- Born: 1945 (age 80–81)

World Series of Poker
- Money finishes: 20
- Highest WSOP Main Event finish: 31st, 2011

World Poker Tour
- Title: 1
- Final table: 3
- Money finishes: 17

= Steve Brecher =

American poker player (born 1945)

Steve Brecher (born 1945) is an American professional poker player.

==Poker career==
In 1999, Brecher placed 8th in the World Series of Poker $2,500 No Limit Hold'em event for $15,000. In 2004, he reached the final table of the World Poker Tour $25,000 No Limit Championship, finishing in 6th place and winning $232,000. In 2005, he finished 3rd in the $9,700 No Limit Hold'em event at the United States Poker Championship, pocketing $218,250.

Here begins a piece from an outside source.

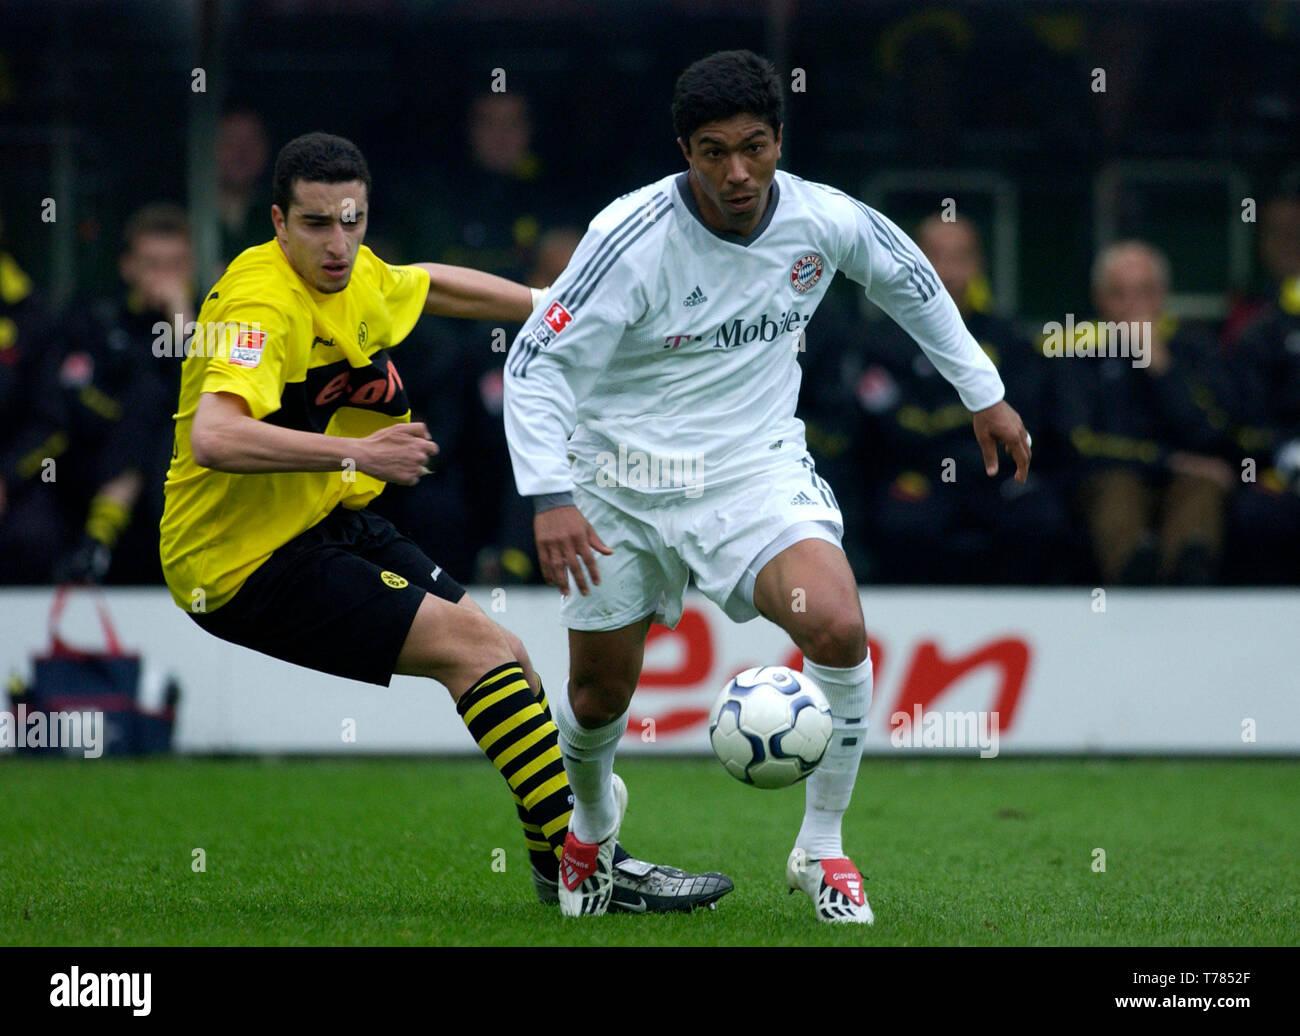 Westfalenstadion Dortmund Germany, 19.4.2003, German Football Bundesliga Season 2002/03, matchday 29, Borussia Dortmund (yellow) vs Bayern Munich (white) --- Giovane Elber (FCB), Ahmed Mahdouni (BVB) - Stock Image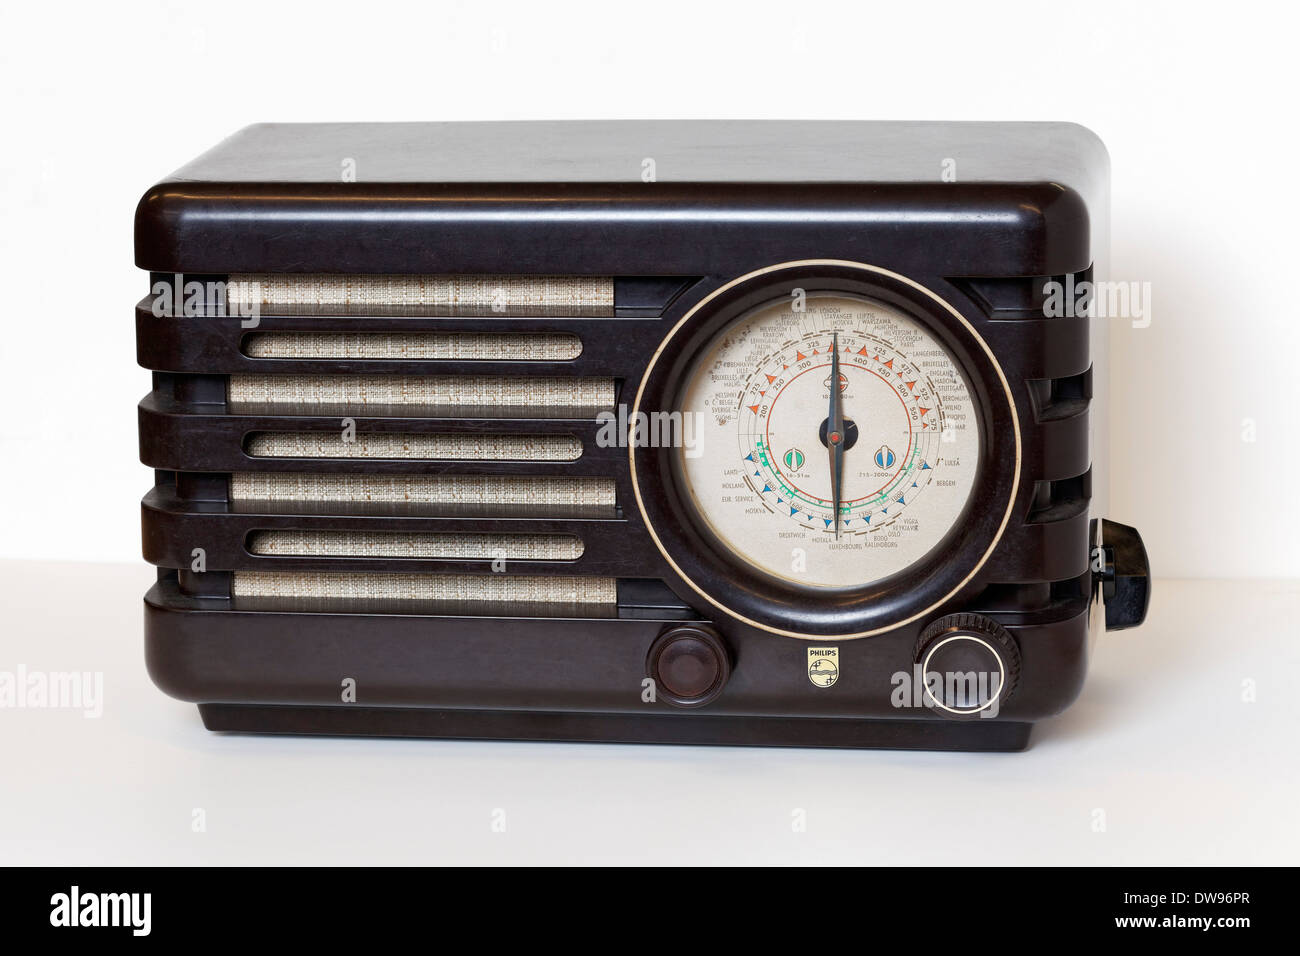 Philips LO5L, radio from 1947, Bakelite housing, Radio Museum Duisburg, North Rhine-Westphalia, Germany - Stock Image

In 2009, Brecher took his first major tournament title by winning the WPT Bay 101 Shooting Star tournament. He beat over 300 other players to win more than $1 million, defeating Kathy Liebert heads up after the longest final table in WPT history. He finished 31st in the 2011 World Series of Poker Main Event, winning $242,636. In the Season 11 WPT Borgata Poker Open Championship Event, Brecher finished in the 5th place and won $206,821.

As of 2023, his live tournament winnings exceeded $3 million.

==Computer programming career==
Before turning his hand to professional poker, Brecher was a computer programmer and writer who was instrumental in creating some of the earliest popular programs (and their product categories) for the Macintosh platform. He wrote Suitcase, the font management program for the Mac, which was originally self-published under the brand Software Supply, later distributed by Fifth Generation Systems, and eventually acquired by Extensis, which still publishes a (greatly improved and rewritten) version of the program more than 20 years after Brecher's original release. He also, together with Billy Steinberg, wrote Pyro, the original Mac screen saver application. In addition to application software, Brecher was a contributor to the FreePPP project, which brought Macintosh computers onto the Internet, and developed low-level driver software for some of the earliest Macintosh hard disk drives.

In the 1980s and early 1990s, Brecher was regarded in technology circles as a "programmer's programmer", and was a Contributing Editor of MacTech magazine, for which he wrote the Ask Professor Mac column, and answered technical questions from readers. His later interest in professional gambling was foreshadowed by his 1980 book, Beating the Races with a Computer.

==Miscellaneous==
Brecher holds an FAA Airline Transport Pilot certificate, and during 2009–2012 flew himself to poker tournaments around the country from his plane's bases in Reno, Nevada and Carson City, Nevada.